С другой стороны, может быть, именно в отношении Киреевского Гершензон прав в большей мере, нежели по отношению к славянофильству в целом. Протоиерей В. Зеньковский в своей «Истории русской философии» предостерегал от унификации славянофильства, писал, что славянофилов нужно брать по отдельности, а не в массе, каждый из них достаточно индивидуален. Вообще, у читателя славянофилов создается впечатление, что славянофильство не было настолько выработанным учением, чтобы адекватно выражаться в любом славянофильском тексте. Его вообще трудно назвать «учением», или «доктриной», или «партией» — это, скорее, интуиция. Пример Киреевского показывает, что четкая и однозначная формула славянофильства невозможна и что эта невозможность у него самого теоретически оправдывается. Киреевский выводит нас к теме романтической невыразимости, «несказанности».
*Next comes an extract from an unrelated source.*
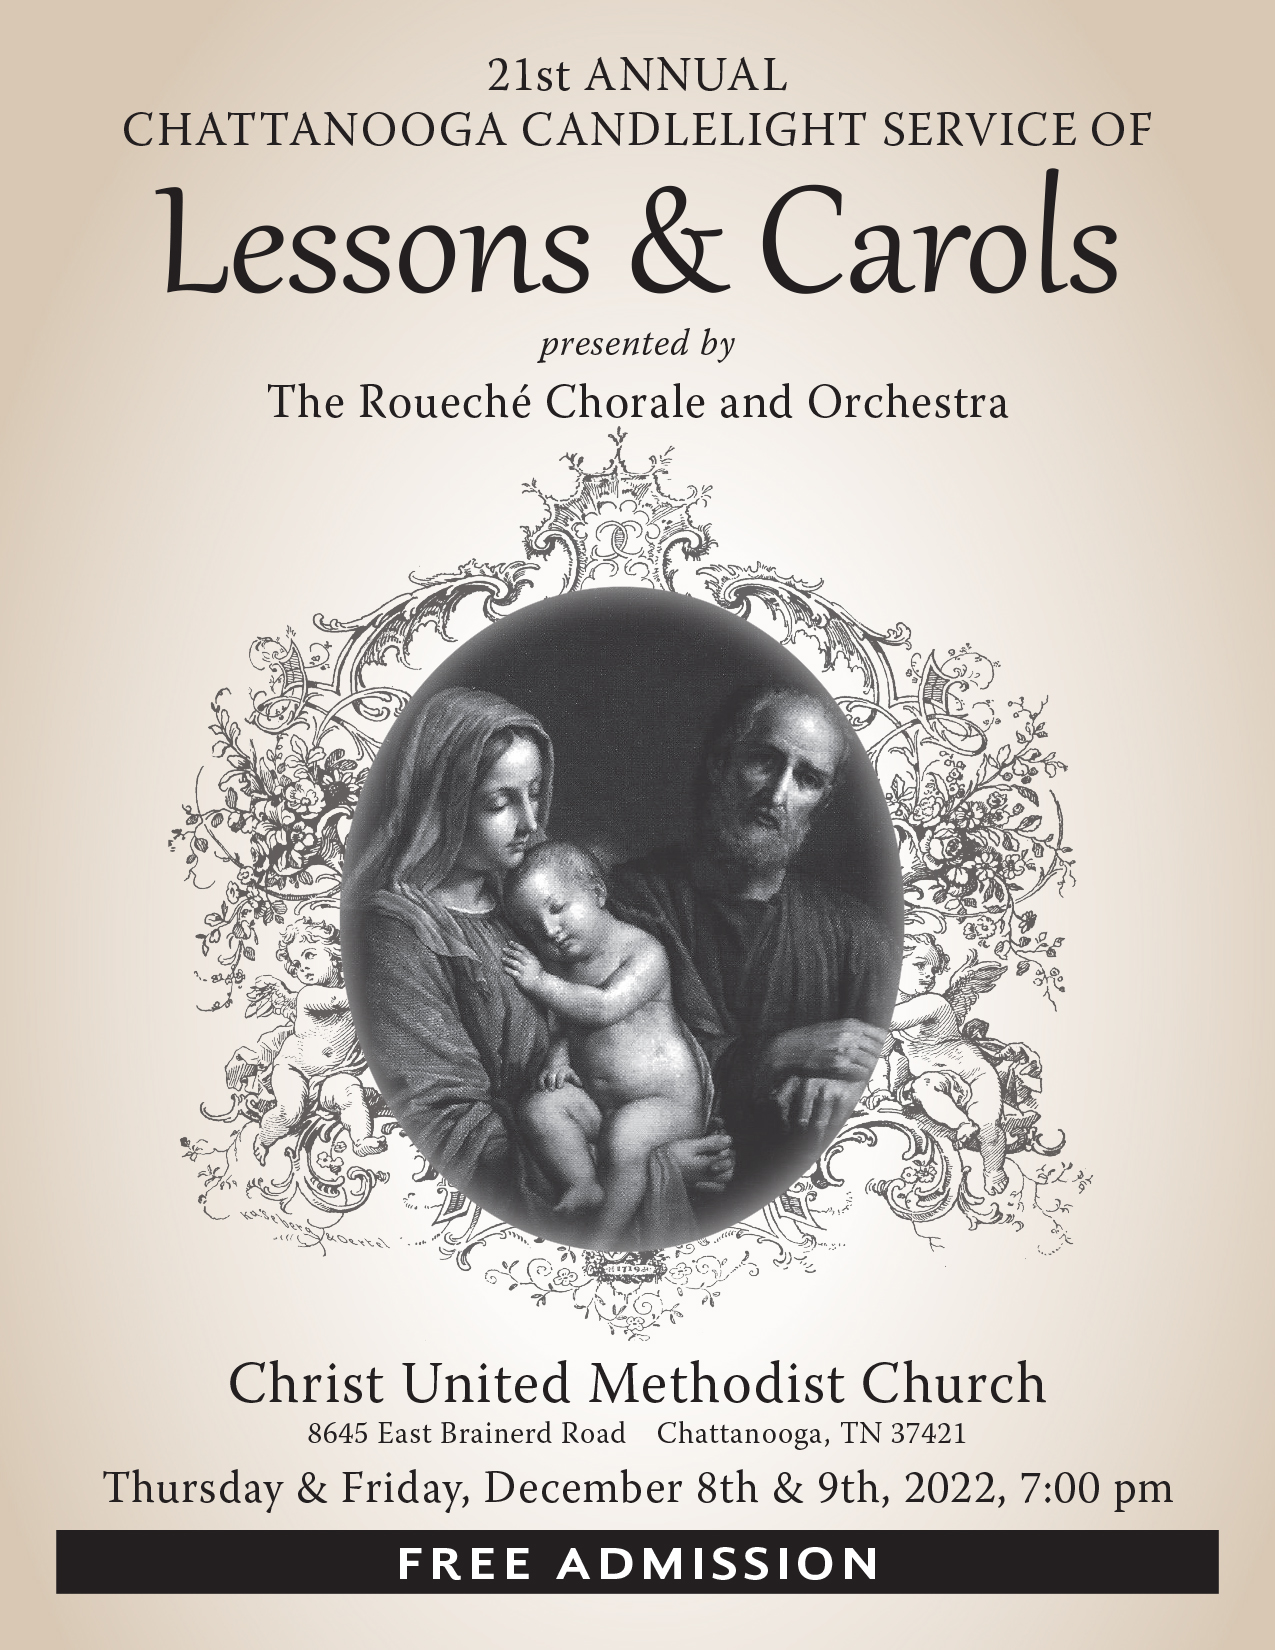 The Chattanooga Candlelight Service of Lessons & Carols

Трудно, да и попросту невозможно, понять славянофильство Ивана Васильевича Киреевского (1806–1856) вне обращения к его собственному индивидуально-психологическому облику. Идеальный образ России, им начертанный, — прежде всего автопортрет его души. Здесь мы имеем дело с проекцией внутренних особенностей человека на объективно-историческое поле. Киреевский был то, что сейчас назвали бы «интроверт». Гершензон полагал, что его отъединенность от мира и склонность к мистическому самоуглублению (из которого он и вынес свое учение о целокупности духовных сил как пути к истине) объясняются внешними обстоятельствами, неудачей его журнальной деятельности в пору жестких цензурных притеснений. Современное психологическое знание позволяет обратить это отношение: журнальная и в целом публичная деятельность не удалась Киреевскому в силу его психического склада, таким людям вообще ничего внешне не удается. Тяга Киреевского к мистическому в православии, к монашеству, к оптинским старцам, вообще к монастырской стороне христианства была идеологической мотивировкой этого его психического склада, его идейно-духовным оправданием, как сказали бы сейчас — «рационализацией». Киреевский по природе своей души — пустынник, одинокий молитвенник, «исихаст». Придавая черты этой мистической потусторонности, неотмирности самой России, русской «образованности», Киреевский снимал — в психологическом плане — напряжение между своей осужденностью на одиночество и объективным жизненным измерением, «славянофильство» было для него путем в мир, выходом к бытию.
Те особенности русского духовного склада («образованности» — это слово понималось во времена Киреевского в смысле современного термина «структура»), которые обнаружил в России Киреевский, подтверждают сказанное. Главное свойство русской души и русской истории — безбурность и безмятежность, сказавшиеся в ее неотмирности, добровольно избранном уходе из мира. Киреевский назвал это «цельностью» русской души. В этом же — ее противоположность западной: «раздвоение и цельность, рассудочность и разумность, будут последним выражением Западно-Европейской и древне-Русской образованности»5.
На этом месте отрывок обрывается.